SUPPLIED ENTRIES »

###

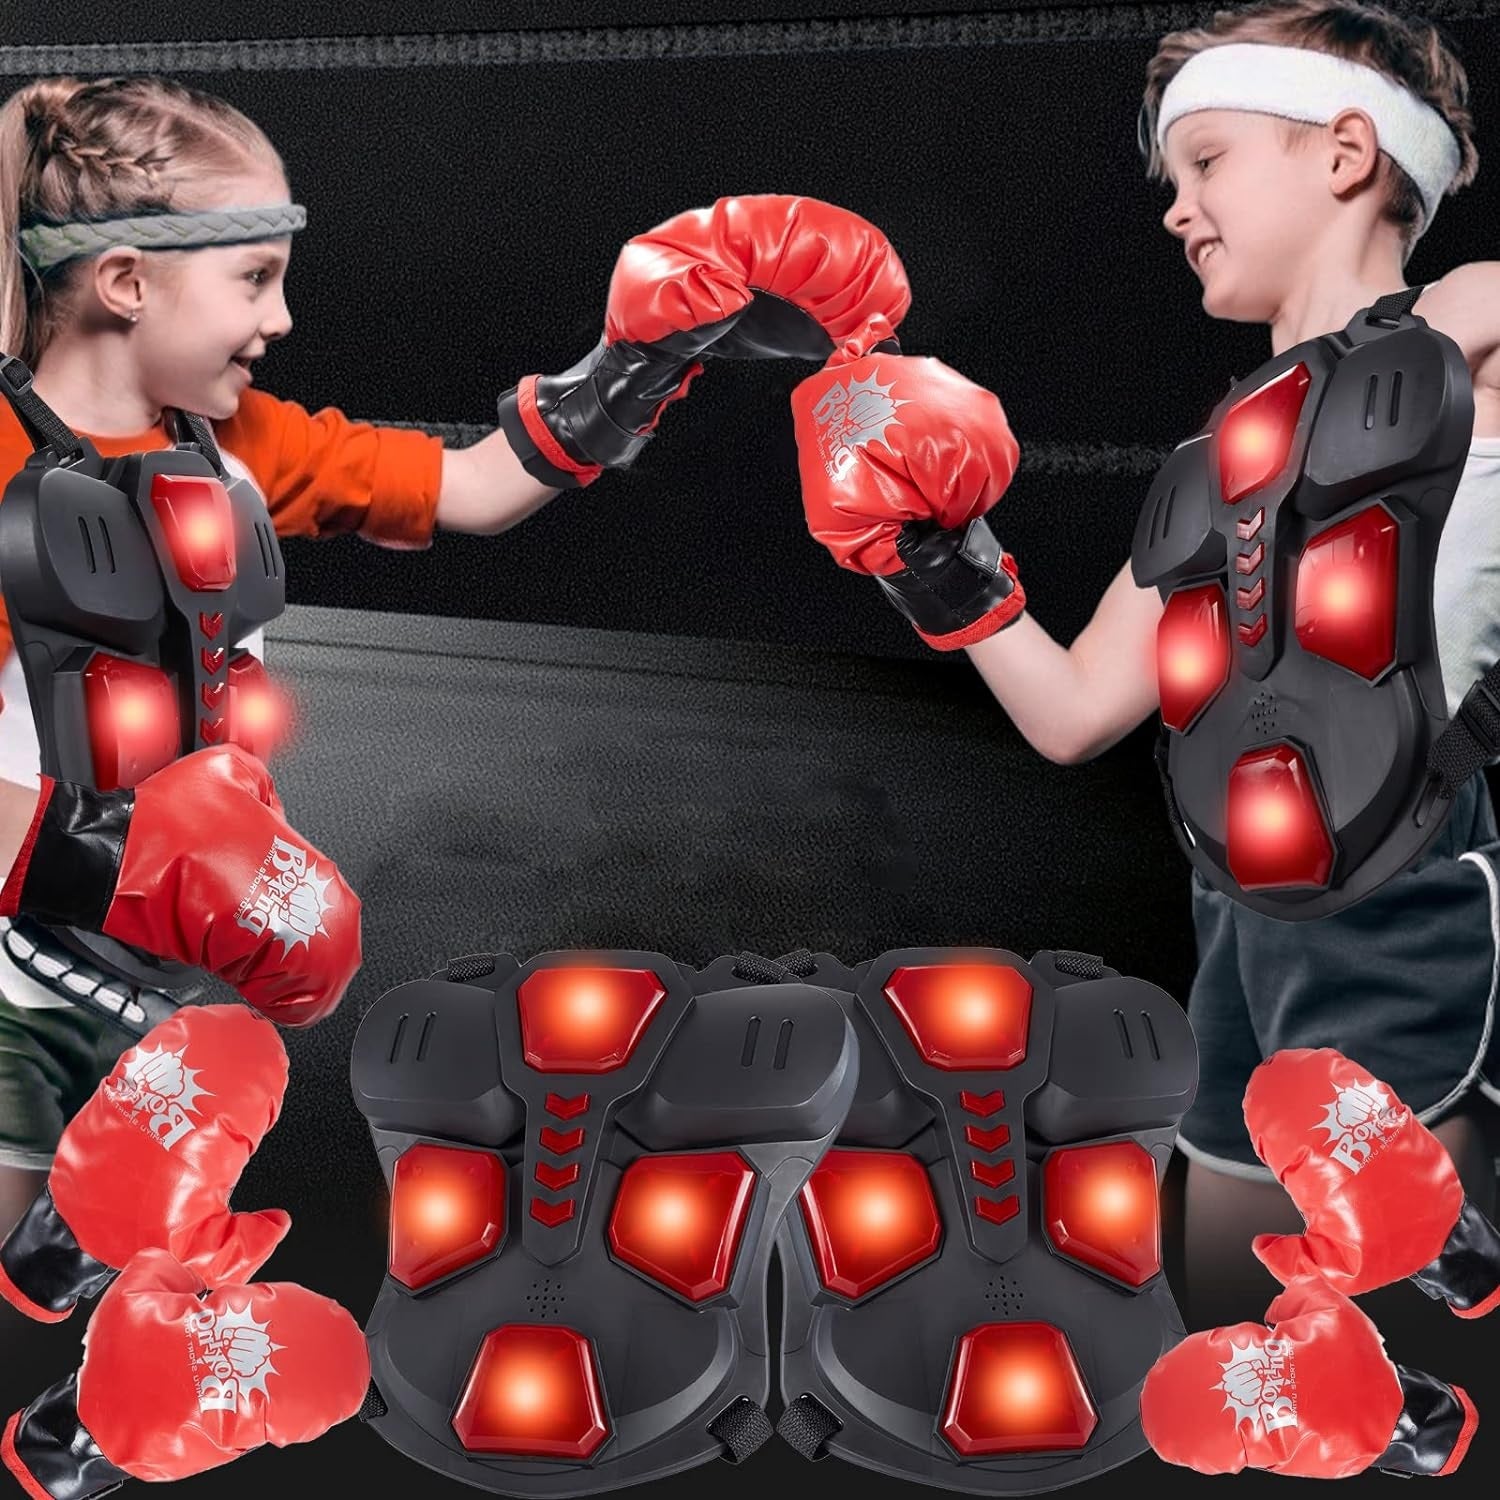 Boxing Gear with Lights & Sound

###

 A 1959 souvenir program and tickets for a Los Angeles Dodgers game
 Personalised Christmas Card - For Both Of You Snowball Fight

###

ABOUT THIS EXERCISE » From the material above, set down exactly the lines starting at the one with "A 1959 souvenir" and ending at the one with "Personalised Christmas Card", end lines included.

SOLUTION FOR THIS EXERCISE »
 A 1959 souvenir program and tickets for a Los Angeles Dodgers game
 Personalised Christmas Card - For Both Of You Snowball Fight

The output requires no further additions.